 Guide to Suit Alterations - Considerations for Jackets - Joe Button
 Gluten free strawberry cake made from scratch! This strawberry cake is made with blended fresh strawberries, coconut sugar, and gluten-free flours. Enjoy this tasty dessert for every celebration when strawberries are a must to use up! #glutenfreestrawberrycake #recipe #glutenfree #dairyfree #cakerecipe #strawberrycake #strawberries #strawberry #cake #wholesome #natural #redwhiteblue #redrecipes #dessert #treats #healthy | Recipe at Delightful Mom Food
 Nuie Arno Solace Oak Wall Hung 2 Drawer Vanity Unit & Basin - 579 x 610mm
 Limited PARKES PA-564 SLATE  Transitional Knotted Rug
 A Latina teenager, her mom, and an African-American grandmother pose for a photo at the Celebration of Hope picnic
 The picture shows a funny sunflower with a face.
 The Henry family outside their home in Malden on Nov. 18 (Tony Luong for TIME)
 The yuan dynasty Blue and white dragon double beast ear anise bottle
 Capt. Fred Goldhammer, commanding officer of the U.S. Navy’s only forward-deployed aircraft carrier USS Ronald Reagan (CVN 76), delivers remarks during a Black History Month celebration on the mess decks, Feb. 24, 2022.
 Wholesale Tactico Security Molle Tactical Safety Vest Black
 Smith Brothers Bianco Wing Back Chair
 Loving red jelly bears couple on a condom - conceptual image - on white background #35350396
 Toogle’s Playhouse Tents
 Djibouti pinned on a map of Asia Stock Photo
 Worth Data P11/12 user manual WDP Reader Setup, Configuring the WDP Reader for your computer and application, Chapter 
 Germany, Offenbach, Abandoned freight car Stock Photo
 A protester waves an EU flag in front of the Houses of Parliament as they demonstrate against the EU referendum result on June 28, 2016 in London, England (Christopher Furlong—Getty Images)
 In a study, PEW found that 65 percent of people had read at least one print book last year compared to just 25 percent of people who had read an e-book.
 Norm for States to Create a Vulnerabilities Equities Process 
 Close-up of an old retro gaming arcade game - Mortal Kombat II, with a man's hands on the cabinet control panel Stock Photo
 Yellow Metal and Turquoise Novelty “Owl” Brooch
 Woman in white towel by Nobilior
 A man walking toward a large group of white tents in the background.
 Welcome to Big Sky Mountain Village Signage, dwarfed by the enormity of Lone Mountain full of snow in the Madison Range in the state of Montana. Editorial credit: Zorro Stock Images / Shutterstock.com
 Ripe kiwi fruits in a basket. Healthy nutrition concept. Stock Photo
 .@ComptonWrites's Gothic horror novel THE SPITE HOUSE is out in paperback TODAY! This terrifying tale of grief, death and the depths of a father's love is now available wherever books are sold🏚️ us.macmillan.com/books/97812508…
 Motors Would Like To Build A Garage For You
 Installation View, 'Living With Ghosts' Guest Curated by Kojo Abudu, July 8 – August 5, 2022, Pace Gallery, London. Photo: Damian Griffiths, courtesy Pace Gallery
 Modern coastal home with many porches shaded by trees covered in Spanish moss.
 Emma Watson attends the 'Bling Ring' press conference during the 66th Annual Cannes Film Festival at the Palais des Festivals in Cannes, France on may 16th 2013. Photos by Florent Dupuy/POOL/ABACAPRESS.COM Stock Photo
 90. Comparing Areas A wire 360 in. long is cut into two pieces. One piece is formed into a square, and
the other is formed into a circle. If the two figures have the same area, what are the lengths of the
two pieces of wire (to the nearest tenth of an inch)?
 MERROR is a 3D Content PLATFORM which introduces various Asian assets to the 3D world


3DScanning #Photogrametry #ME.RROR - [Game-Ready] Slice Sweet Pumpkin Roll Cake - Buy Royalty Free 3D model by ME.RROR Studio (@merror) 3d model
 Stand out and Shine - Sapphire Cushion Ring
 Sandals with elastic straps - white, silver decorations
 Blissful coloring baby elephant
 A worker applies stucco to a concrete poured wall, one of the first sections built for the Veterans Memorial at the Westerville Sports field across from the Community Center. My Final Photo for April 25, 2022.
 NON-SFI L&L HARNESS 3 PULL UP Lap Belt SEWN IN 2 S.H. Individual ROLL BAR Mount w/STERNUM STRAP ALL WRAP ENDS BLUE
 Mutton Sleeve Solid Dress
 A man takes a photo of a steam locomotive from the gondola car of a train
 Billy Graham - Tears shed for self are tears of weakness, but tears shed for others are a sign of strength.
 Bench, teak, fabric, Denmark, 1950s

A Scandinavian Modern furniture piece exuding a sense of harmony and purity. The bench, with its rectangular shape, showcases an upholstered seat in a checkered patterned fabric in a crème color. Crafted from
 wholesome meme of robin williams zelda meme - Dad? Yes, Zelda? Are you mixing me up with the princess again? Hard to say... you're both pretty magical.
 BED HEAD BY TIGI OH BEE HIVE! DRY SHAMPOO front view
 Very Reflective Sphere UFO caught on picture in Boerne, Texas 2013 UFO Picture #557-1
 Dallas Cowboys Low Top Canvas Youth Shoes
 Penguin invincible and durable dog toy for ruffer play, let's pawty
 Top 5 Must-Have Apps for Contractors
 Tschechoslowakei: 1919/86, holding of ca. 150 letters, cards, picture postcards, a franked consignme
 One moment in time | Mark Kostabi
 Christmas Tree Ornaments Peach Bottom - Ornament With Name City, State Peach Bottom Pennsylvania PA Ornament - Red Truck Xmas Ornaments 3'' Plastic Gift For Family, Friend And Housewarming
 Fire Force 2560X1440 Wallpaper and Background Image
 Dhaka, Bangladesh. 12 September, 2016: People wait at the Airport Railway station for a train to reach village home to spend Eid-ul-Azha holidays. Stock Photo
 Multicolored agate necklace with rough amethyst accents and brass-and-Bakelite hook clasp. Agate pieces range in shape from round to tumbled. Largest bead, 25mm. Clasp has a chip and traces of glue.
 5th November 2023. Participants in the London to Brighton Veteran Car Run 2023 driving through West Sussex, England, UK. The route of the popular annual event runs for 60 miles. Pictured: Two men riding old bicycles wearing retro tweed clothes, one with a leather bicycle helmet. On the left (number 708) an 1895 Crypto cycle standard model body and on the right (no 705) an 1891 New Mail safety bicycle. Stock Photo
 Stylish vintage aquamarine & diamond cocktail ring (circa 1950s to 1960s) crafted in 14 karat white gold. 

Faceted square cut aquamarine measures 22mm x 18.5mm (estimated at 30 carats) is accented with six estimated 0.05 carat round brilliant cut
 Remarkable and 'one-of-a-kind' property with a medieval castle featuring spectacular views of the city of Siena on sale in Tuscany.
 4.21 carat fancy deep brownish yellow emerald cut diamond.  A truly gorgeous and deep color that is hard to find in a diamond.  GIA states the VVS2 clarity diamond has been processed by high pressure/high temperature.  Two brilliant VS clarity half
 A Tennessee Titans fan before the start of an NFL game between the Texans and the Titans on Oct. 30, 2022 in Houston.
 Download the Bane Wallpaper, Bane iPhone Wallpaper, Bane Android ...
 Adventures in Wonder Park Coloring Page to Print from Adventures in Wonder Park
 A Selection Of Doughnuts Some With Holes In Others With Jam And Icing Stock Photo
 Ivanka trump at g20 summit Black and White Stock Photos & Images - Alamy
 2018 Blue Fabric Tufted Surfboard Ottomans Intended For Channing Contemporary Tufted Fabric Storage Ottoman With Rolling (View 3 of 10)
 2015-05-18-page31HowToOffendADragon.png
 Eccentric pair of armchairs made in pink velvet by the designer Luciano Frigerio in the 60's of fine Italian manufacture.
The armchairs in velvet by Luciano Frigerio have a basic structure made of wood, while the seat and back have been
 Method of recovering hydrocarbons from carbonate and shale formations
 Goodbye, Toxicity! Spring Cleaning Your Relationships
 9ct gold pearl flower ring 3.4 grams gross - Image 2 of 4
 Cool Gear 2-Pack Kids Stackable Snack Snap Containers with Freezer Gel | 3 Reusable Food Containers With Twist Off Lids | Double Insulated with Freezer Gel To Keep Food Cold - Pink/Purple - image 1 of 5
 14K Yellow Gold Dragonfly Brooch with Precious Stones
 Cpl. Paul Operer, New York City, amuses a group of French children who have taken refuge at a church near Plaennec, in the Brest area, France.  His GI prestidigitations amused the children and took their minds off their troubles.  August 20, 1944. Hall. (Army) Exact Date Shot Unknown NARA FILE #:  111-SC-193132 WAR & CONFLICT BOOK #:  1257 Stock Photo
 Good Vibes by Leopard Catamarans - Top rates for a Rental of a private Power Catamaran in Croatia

*****

■ AIM OF THE TASK: Set down, exactly as they stand above, the lines starting with the line with "Remarkable and 'one-of-a-kind'" and going on through the line with "14K Yellow Gold", and no others.

■ FINISHED TASK:
 Remarkable and 'one-of-a-kind' property with a medieval castle featuring spectacular views of the city of Siena on sale in Tuscany.
 4.21 carat fancy deep brownish yellow emerald cut diamond.  A truly gorgeous and deep color that is hard to find in a diamond.  GIA states the VVS2 clarity diamond has been processed by high pressure/high temperature.  Two brilliant VS clarity half
 A Tennessee Titans fan before the start of an NFL game between the Texans and the Titans on Oct. 30, 2022 in Houston.
 Download the Bane Wallpaper, Bane iPhone Wallpaper, Bane Android ...
 Adventures in Wonder Park Coloring Page to Print from Adventures in Wonder Park
 A Selection Of Doughnuts Some With Holes In Others With Jam And Icing Stock Photo
 Ivanka trump at g20 summit Black and White Stock Photos & Images - Alamy
 2018 Blue Fabric Tufted Surfboard Ottomans Intended For Channing Contemporary Tufted Fabric Storage Ottoman With Rolling (View 3 of 10)
 2015-05-18-page31HowToOffendADragon.png
 Eccentric pair of armchairs made in pink velvet by the designer Luciano Frigerio in the 60's of fine Italian manufacture.
The armchairs in velvet by Luciano Frigerio have a basic structure made of wood, while the seat and back have been
 Method of recovering hydrocarbons from carbonate and shale formations
 Goodbye, Toxicity! Spring Cleaning Your Relationships
 9ct gold pearl flower ring 3.4 grams gross - Image 2 of 4
 Cool Gear 2-Pack Kids Stackable Snack Snap Containers with Freezer Gel | 3 Reusable Food Containers With Twist Off Lids | Double Insulated with Freezer Gel To Keep Food Cold - Pink/Purple - image 1 of 5
 14K Yellow Gold Dragonfly Brooch with Precious Stones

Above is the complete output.